On my Radeon 9070XT I got around 3s/page of dense text. While not bad, if you're doing thousands/millions of pages it's probably too slow and you need more hardware. The smaller models were far, far faster but suffered from unreliable output quality.

I think with more tweaking I could get a lot more speed out of the hardware even on the 9b model. LM Studio isn't great at batching prefill and decode efficiently so there was a lot of wasted compute doing multiple pages. I think with time this will become incredibly viable. Equally if you have some higher end hardware then this would be very viable as an on-prem solution.

If you've got sensitive documents you want to OCR but don't want to send to any cloud provider this is really a great option, and I'm sure with time it'll get even faster.

Running with OpenRouter

If you need far more speed than this, then OpenRouter has two (at the time of writing) providers hosting the 9b variant:

OpenRouter pricing for Qwen 3.5 9B It's outrageously cheap. Each page you OCR is around 1,000 input tokens and 500 output tokens - depending on complexity - this means to OCR 1,000 pages it comes out at around 12 cents (!) with Venice.

It's also very, very fast as you can send many pages at once to OpenRouter to OCR. I didn't have any issues sending 128 pages at a time, with each page taking ~10s. This means it will take just over a minute to do 1,000 pages. I don't know if there are rate limits above that, but it's possible you could scale even further with more threads.

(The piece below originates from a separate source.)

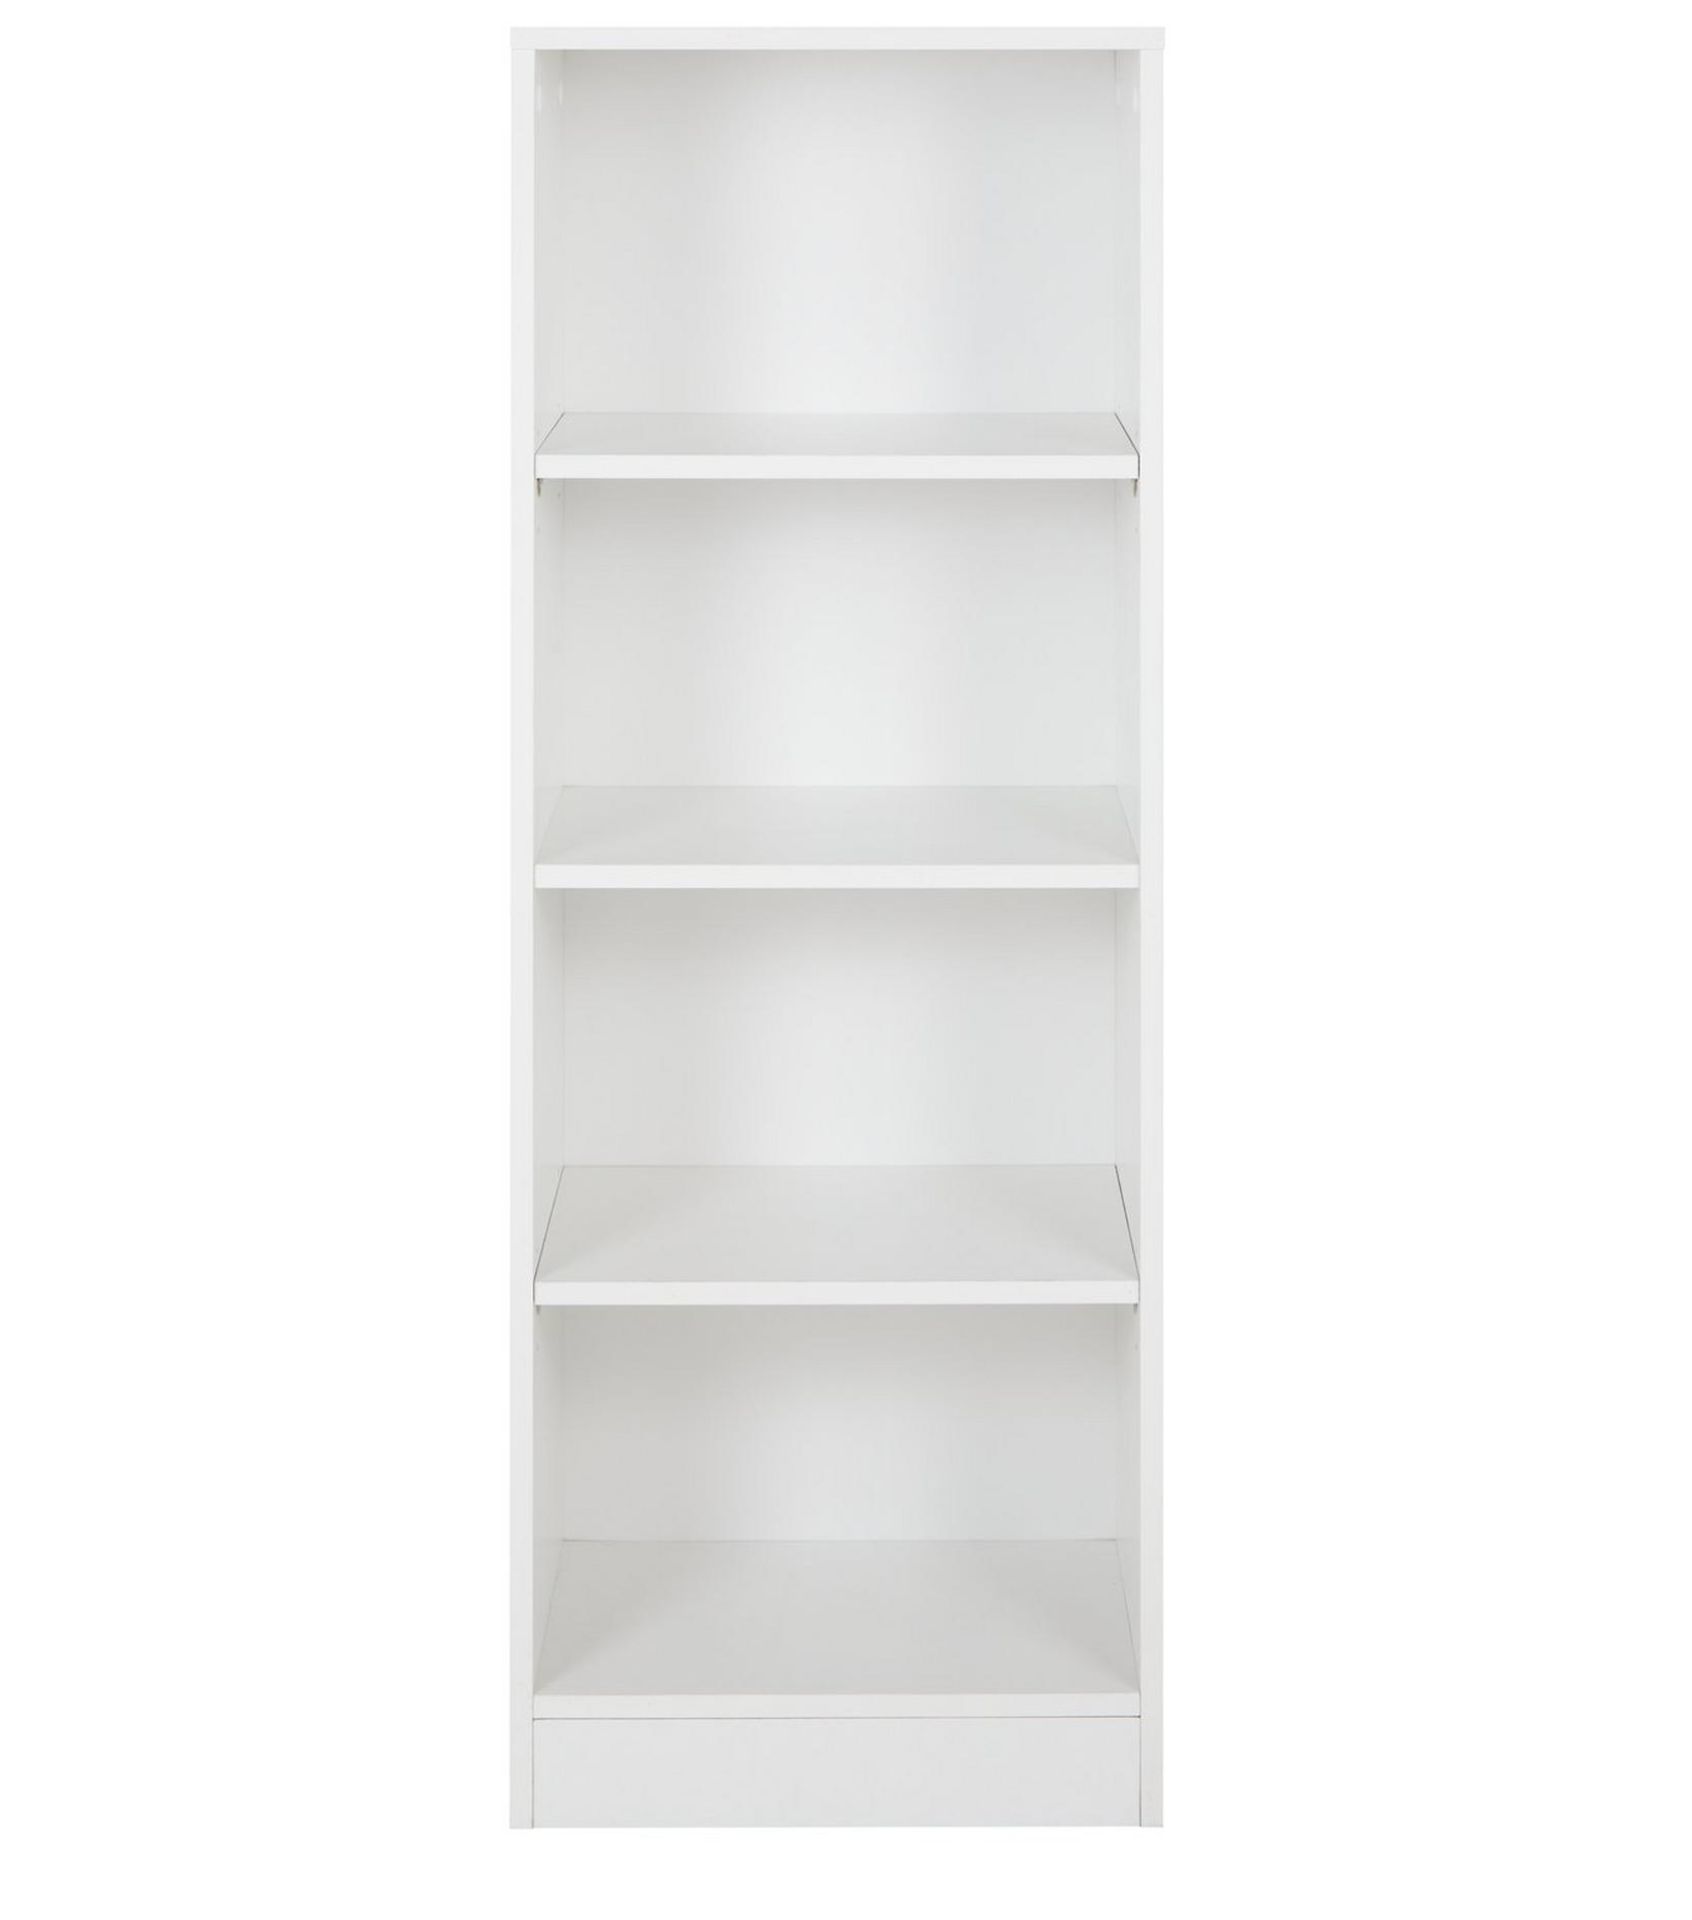 A1 PRODUCT NEW - METRO 3 PIECE STORGAGE BOOKCASE SET IN WHITE - RRP Ã‚Â£189 - Image 5 of 5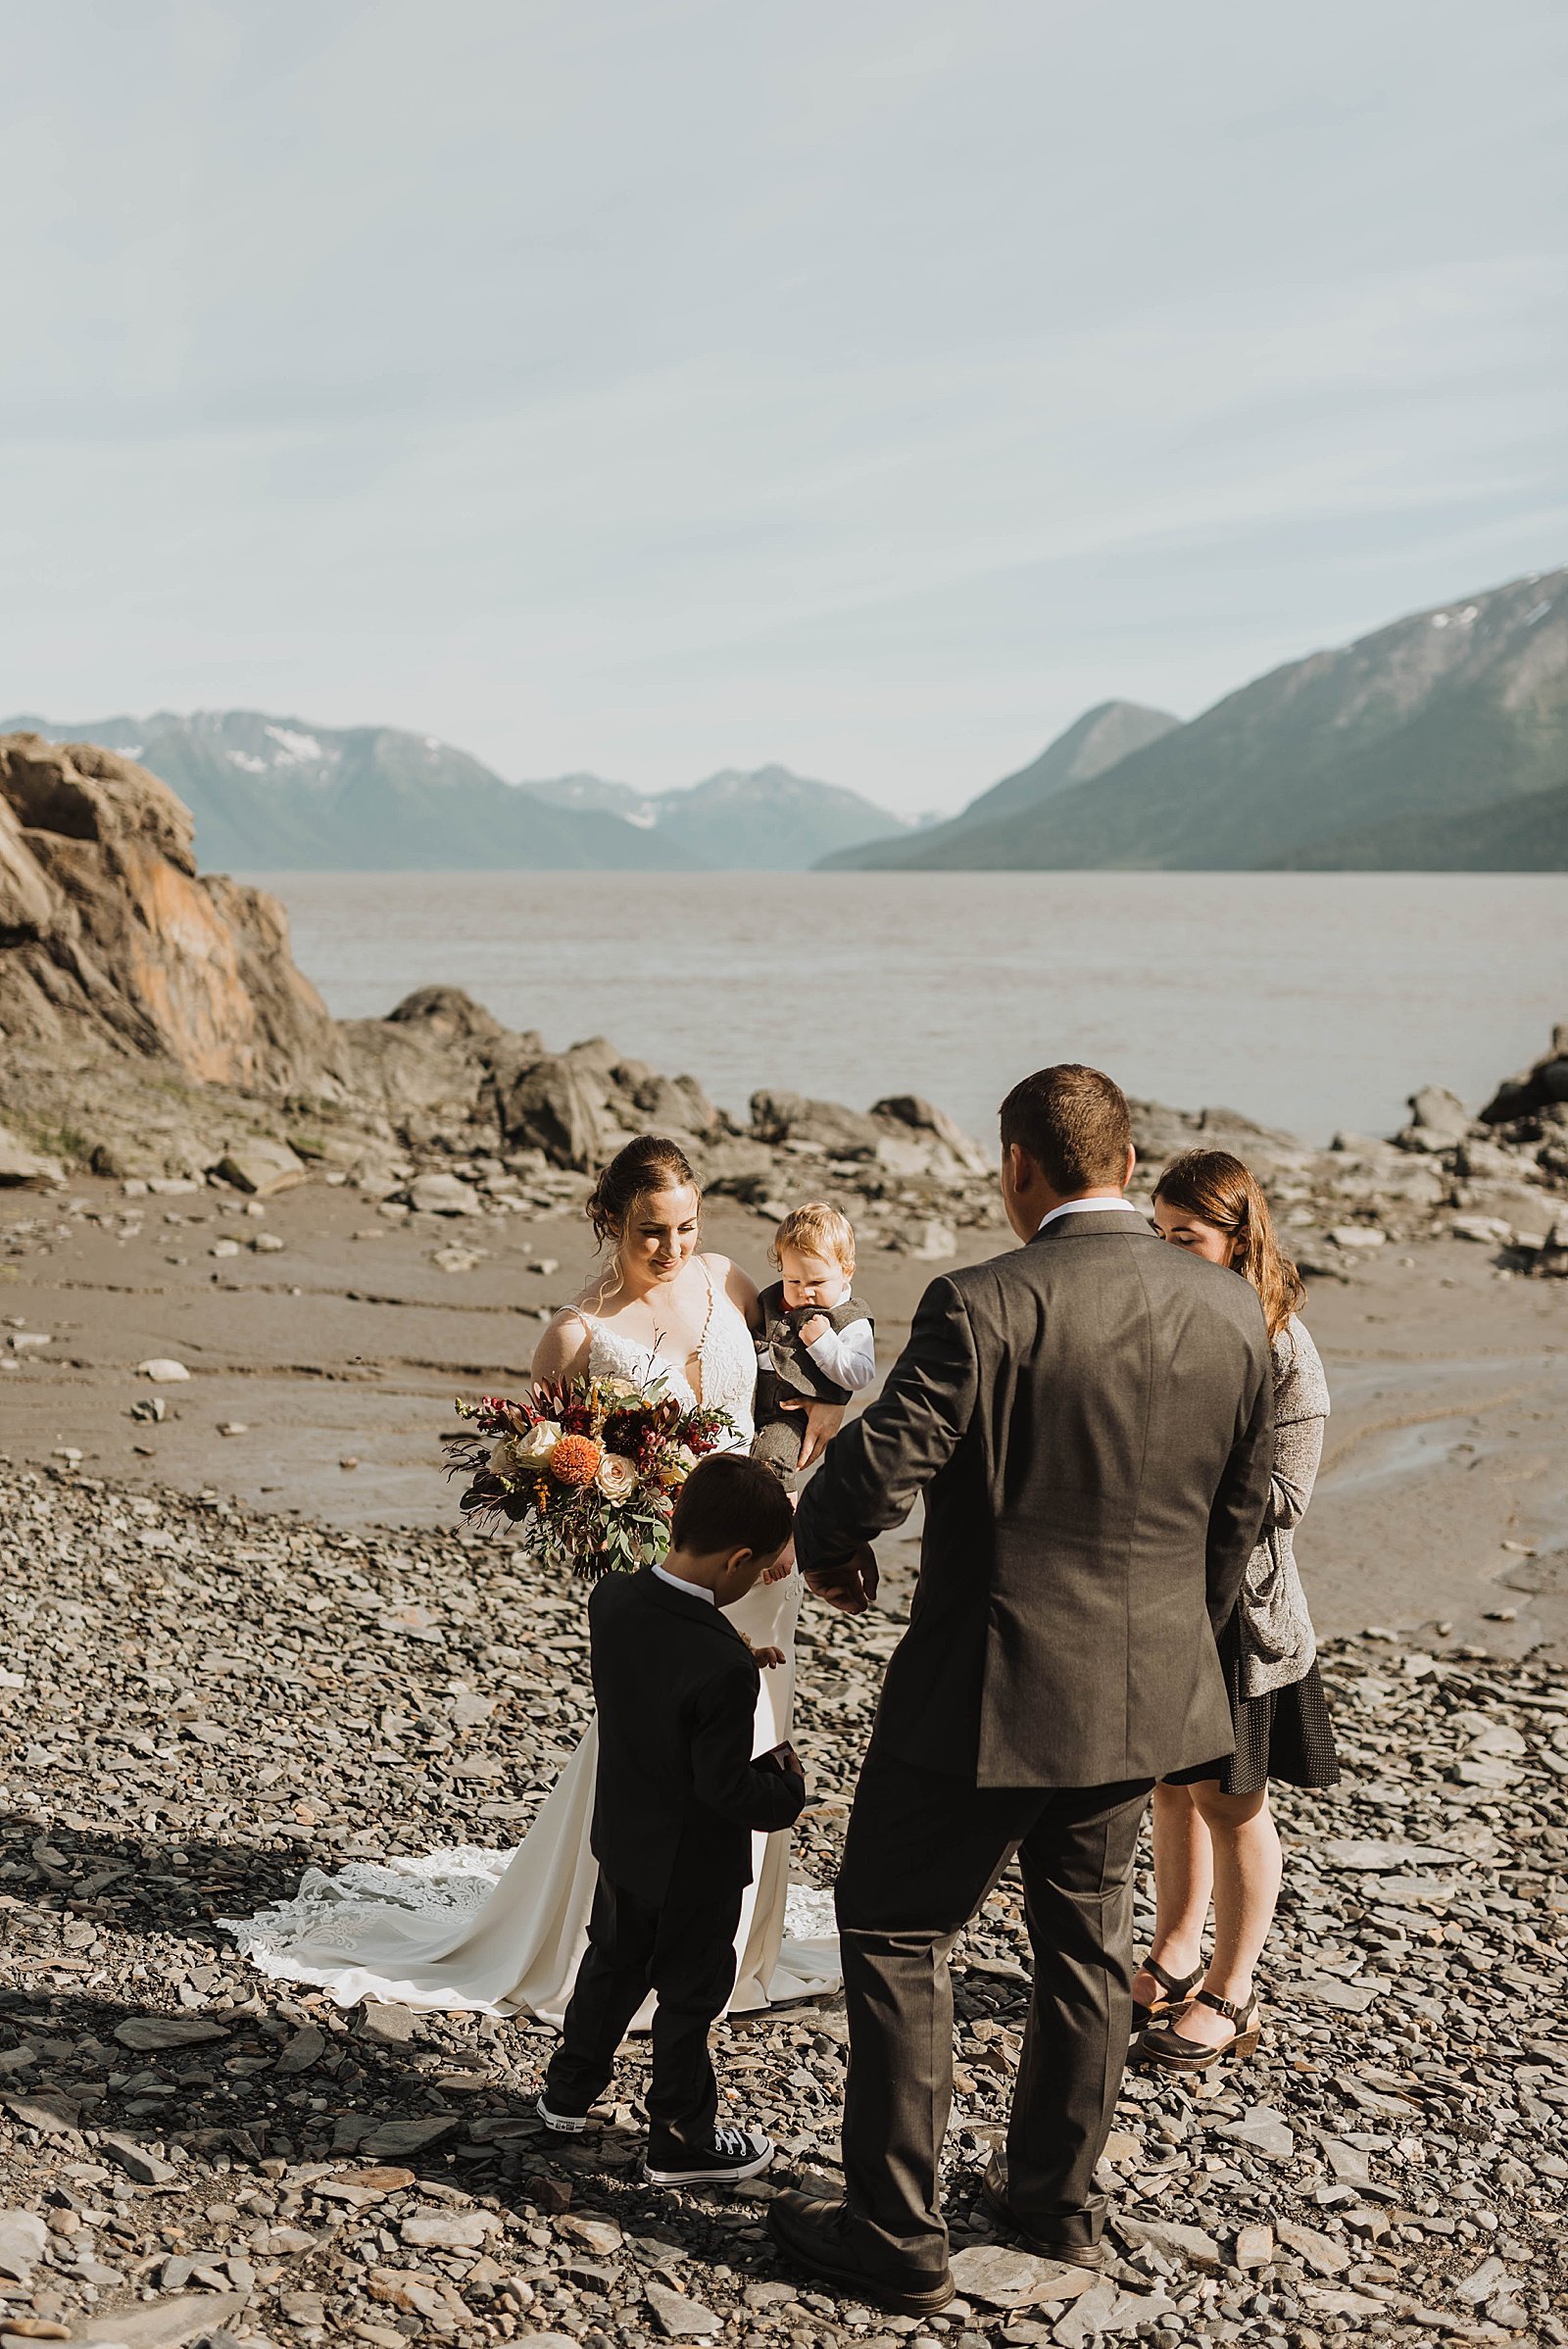  Bride and groom at a private ceremony on a beach in Alaska

To do this, just replace the code above with a call to OpenRouter, and I used the ThreadPoolExecutor to send many pages at once:

from concurrent.futures import ThreadPoolExecutor, as_completed

with ThreadPoolExecutor(max_workers=128) as pool:
    futures = {pool.submit(ocr_image, f"page_{i}.jpg"): i for i in range(1, num_pages + 1)}
    for future in as_completed(futures):
        page_num = futures[future]
        result = future.result()  # blocks until this page's HTTP request completes
        print(f"Page {page_num} done")

Final thoughts

Because you can run so many threads at once, this is actually better, faster and cheaper than trying to do this with the frontier lab APIs like OpenAI or Google. In my experience, trying to do more than a few simultaneous requests to OpenAI will result in rate limits unless you're spending serious money with them. So for bulk OCR, running Qwen 3.5 via OpenRouter is genuinely a better solution than something like GPT-5 Nano. And once you've got the text out of these PDFs you can do whatever you want with them "as normal" with LLMs - search, understand and extract insights out of them like you would with any other text.

I think this is also a big deal for digitising old documents for historical research. It used to be incredibly expensive - old scanned documents wouldn't OCR properly with traditional techniques and often needed to be transcribed by hand. Running one of these models locally on a laptop could now do it for free, and throwing it at OpenRouter could chew through entire archives for pennies.